Return to: Ben Zalewski | Unit One Blooms Taxonomy in Social Studies

Create Social Studies Unit with Blooms Taxonomy

Learning Objectives

Participants will create a mock social studies unit. This unit will use tools and assessment strategies from each unit of this mini-course.

Ticket In the Door

Share three learning and educational tools that you have learned during this mini-course.

Mini-Lecture

"Educators can use the tools of Bloom’s taxonomy to precisely focus curricula throughout the year on specific parts of the framework, ensuring that students demonstrate the proper cognitive abilities in each assignment and exam before moving on to the next.

This way, students can have clear, concise, and measurable goals to achieve. They answer questions and complete tasks based on which objective is the focus at the time, using the measurable verbs like the ones previously noted for each level to elicit the proper types of responses. For example, questions asking students to compare, discuss, and predict will help their basic understanding of a project, while the use of verbs like “investigate” and “relate” suggest that they’ve moved on to the analyzing stage.

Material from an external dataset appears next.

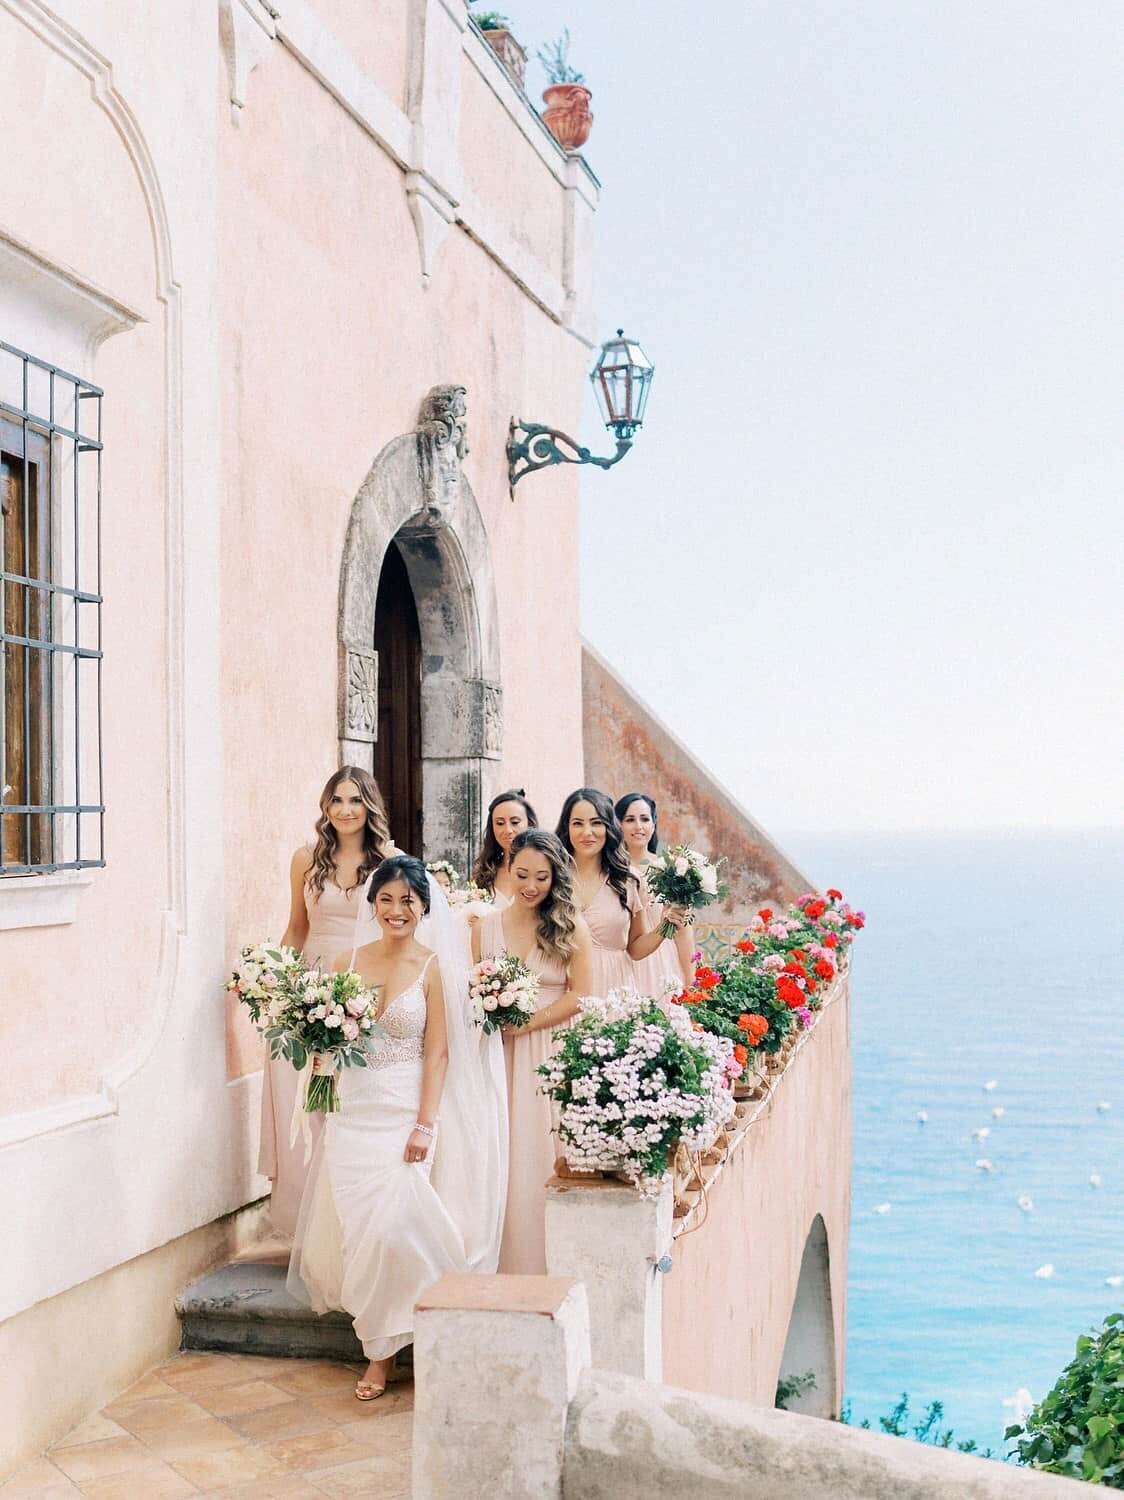 Positano-wedding-villa-San-Giacomo-bridesmaids-by-Julia-Kaptelova-Photography-244

Students can move from the lower to the higher levels of learning through course materials, topics, lectures, assignments and in-classroom activities that are fine-tuned to help them succeed. Following the framework of Bloom’s taxonomy, assignments and classroom learning can be restructured to ensure that they fall in line with each level in succession, so students have the critical tools to move towards achieving that all-important deeper level of learning: the top of the Bloom’s taxonomy pyramid." (Persaud, 2020)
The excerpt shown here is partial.